5. Whether should you not so far as lawfully you may hold communion with the best reformed churches? without question it is the will of Christ, that you should so do. If there be one Church more orthodox and holy than another you should endeavour communion with it. And if so, how can you imagine it lawful, to worship God in the use of those Ceremonies, which the best reformed Churches have declared against and abolished, as not only unnecessary and burdensome, but superstitious and scandalous? not to trouble you with instances of their dislike and utter renouncing of them (whereof you may see plenty in others) Suartez mentions it as the common doctrine of Protestants, that it is unlawful to worship God with any other worship, than that which is commanded in the Scriptures. And that you may not think he speaks with reference only to the substance of worship, hear what he saith in another place. The hereticks (saith he) of our time, say that every Ceremony, and every kind of worship that is not commanded by God himself, or is not contained in the Gospel, is superstition: yea, they call it idolatry. And if the Protestant churches profess such doctrine, and act accordingly, and that without sin, how can you without sin separate from them? how will you free your selves from the charge of schism, which is an evil so much condemned by Christ, and prejudicial to the honour and welfare of his Church?
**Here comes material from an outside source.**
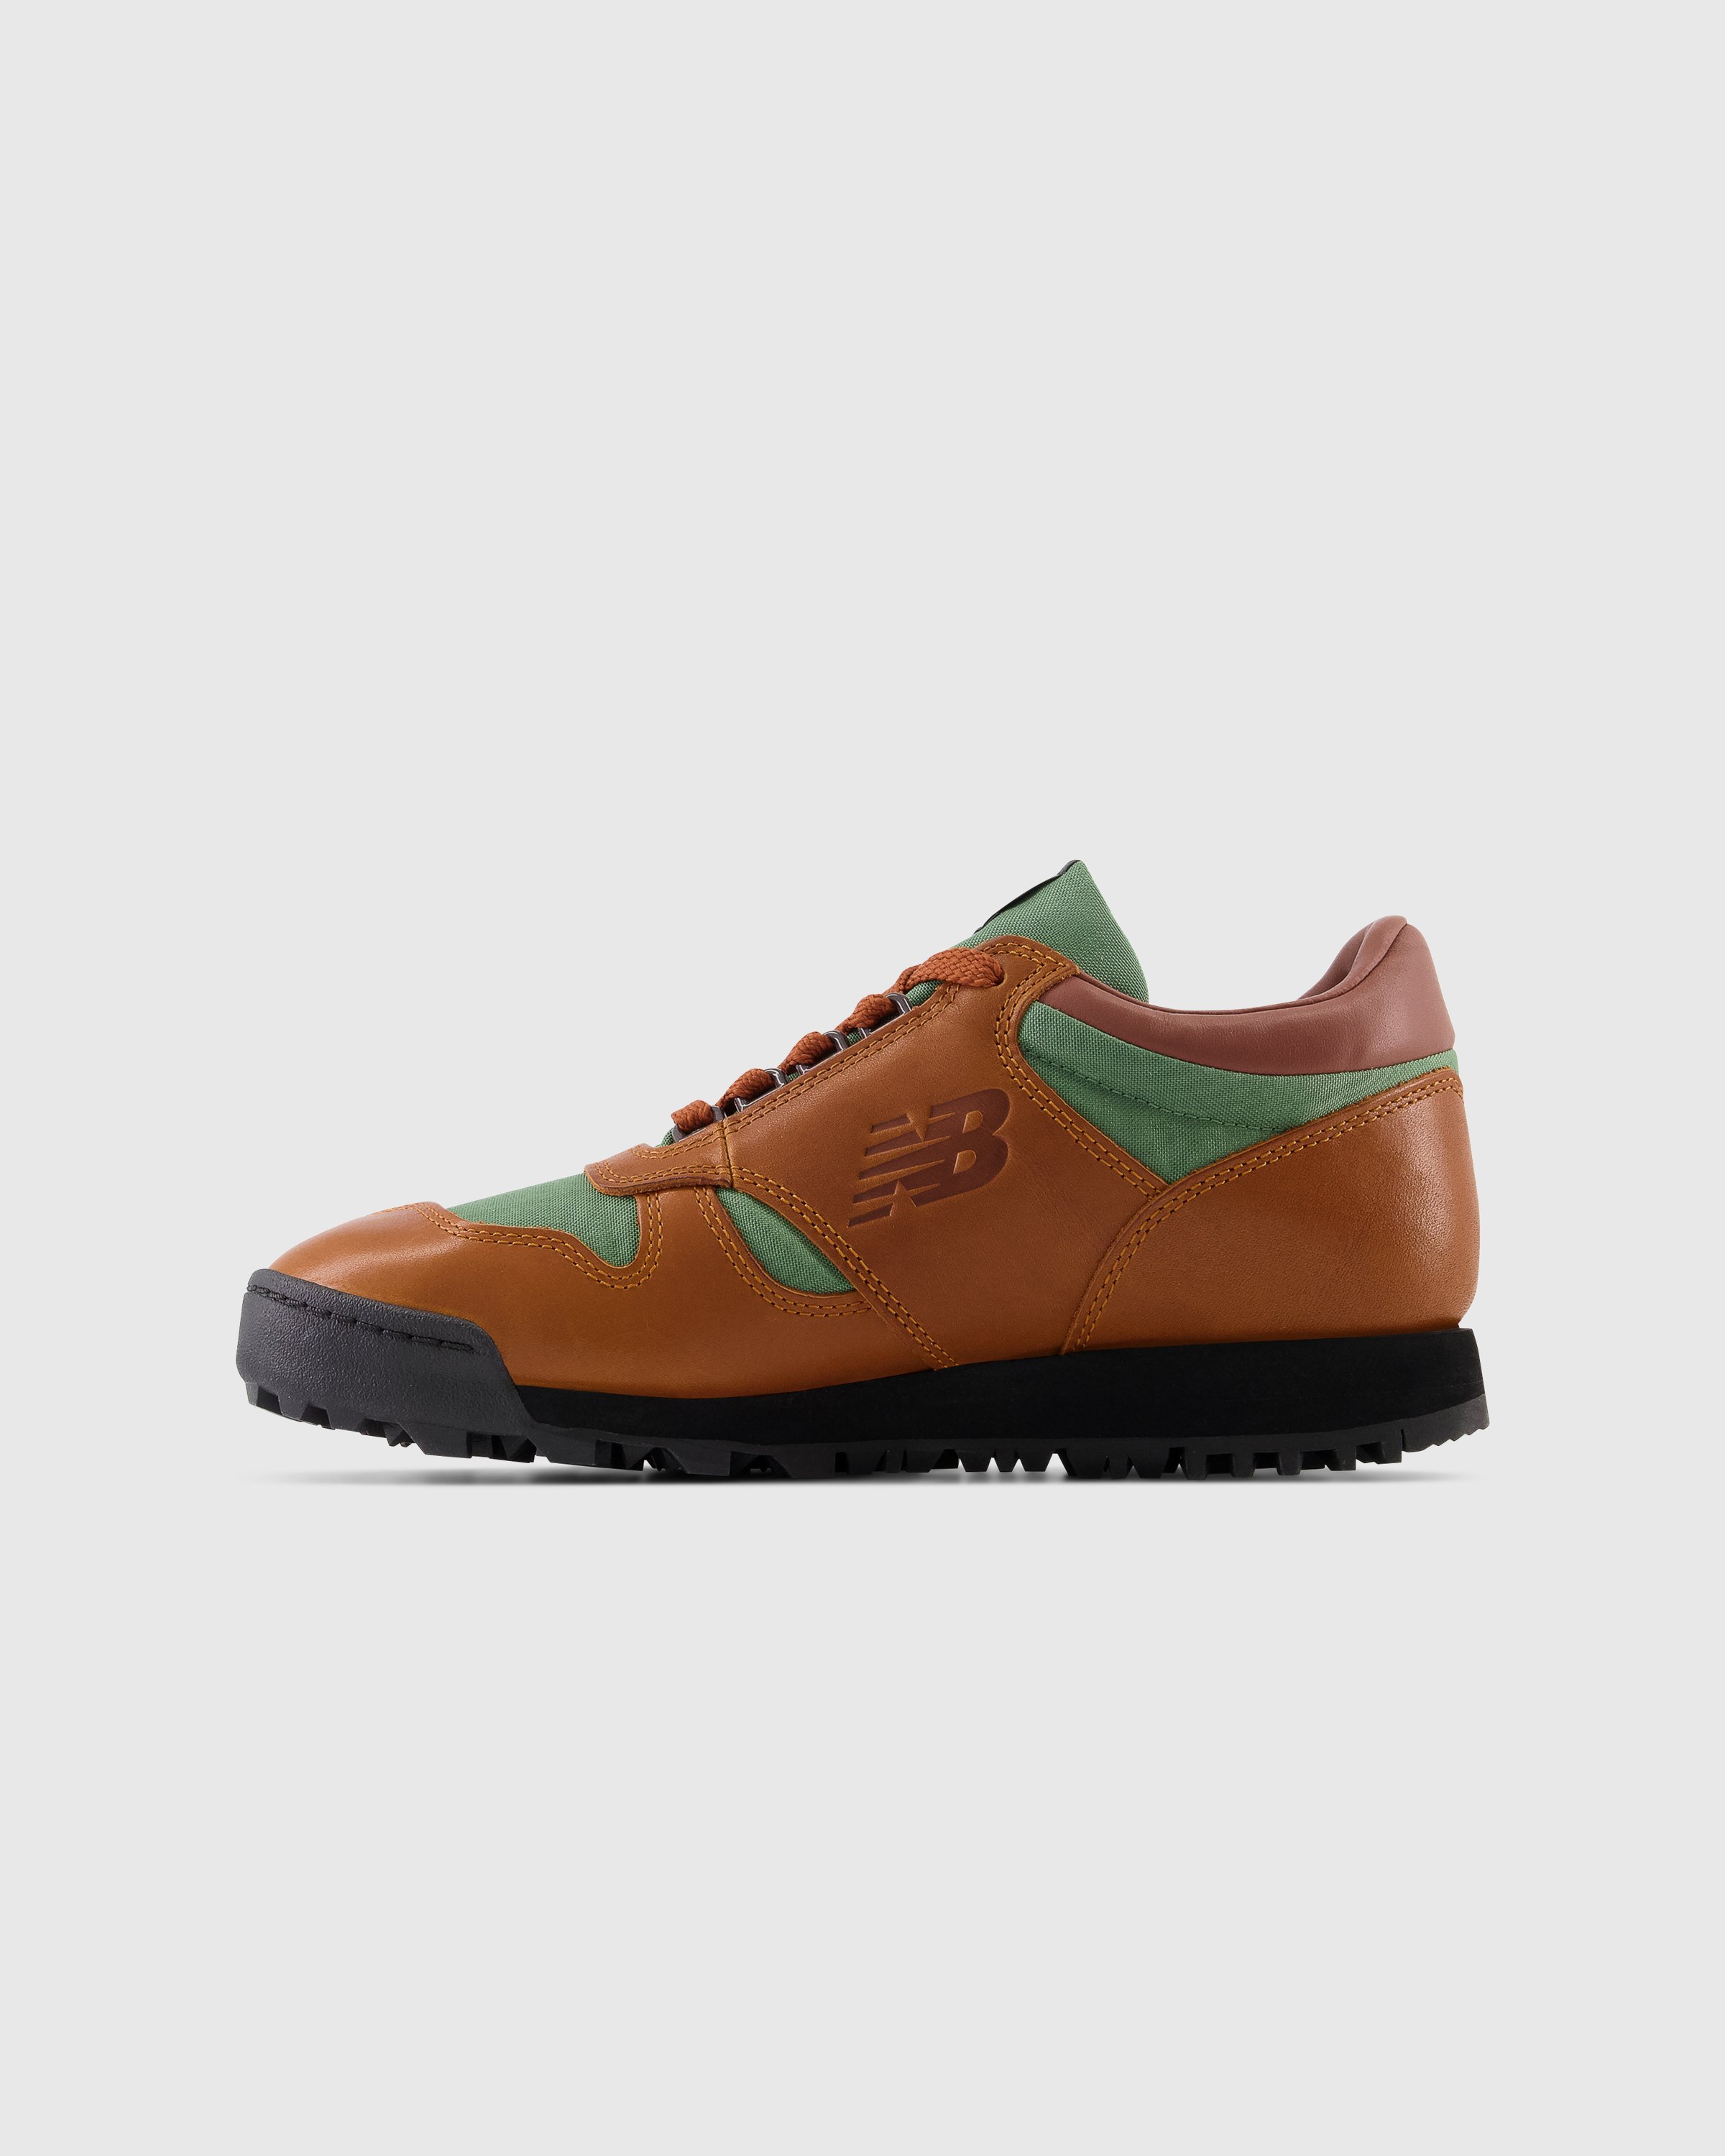 New Balance - UALGSBB Rainier Brown - Footwear - Brown - Image 2

6. Whether leaving both the practice of the primitive Christians, and the communion of the best Reformed churches, and you lawfully go and comply with Idolaters in the use of those things, they have grossly abused in their profane mysteries? Herein the Scripture is very plain. After the doings (saith God) of the land of Egypt wherein ye dwelt shall ye not do: and after the doings of the land of Canaan whether I bring you, shall ye not do: neither shall ye walk in their ordinances (Lev 18.3). And in another place: When the Lord thy God shall cut of the nations from before thee, whither thou goest to possess them, and thou succeedest them, and dwells in their land: take heed to thy self, that thou be not snared by following them, after that they be destroyed from before thee; and that thou enquire not after their Gods saying how did these Nations serve their gods? even so will I do likewise (Deut 12.29,30). As God would have us to stand in a close union to him, and one another, so he would have us to stand at the utmost distance from idolaters. And upon this ground the ancients declined the use of many things though in themselves lawful, because they were used and abused by Idolaters. Tertullian would not have his Christian soldier, to go with a laurel upon his head, and that because the heathens used to do so. And Bishop Jewel hath several other instances of the same nature. And ought not we in these days to detest idolatry and avoid communion with such as are guilty of it, as well as the servants of God have done in former days? Is it not as odious to him, and ought it not to be resisted by us, as much now, as ever? If therefore the ceremonies imposed be such as had their birth amongst idolatrous pagans, and other enemies to God and his truth, and have been not only used, but notoriously abused by them, how can you without apparent guilt make use of them? And thus I have given you the queries, I thought good to offer to you, both concerning the worshipping of God merely with the outward man, and the worshipping of him in the use of ceremonies; consider of them and deal faithfully.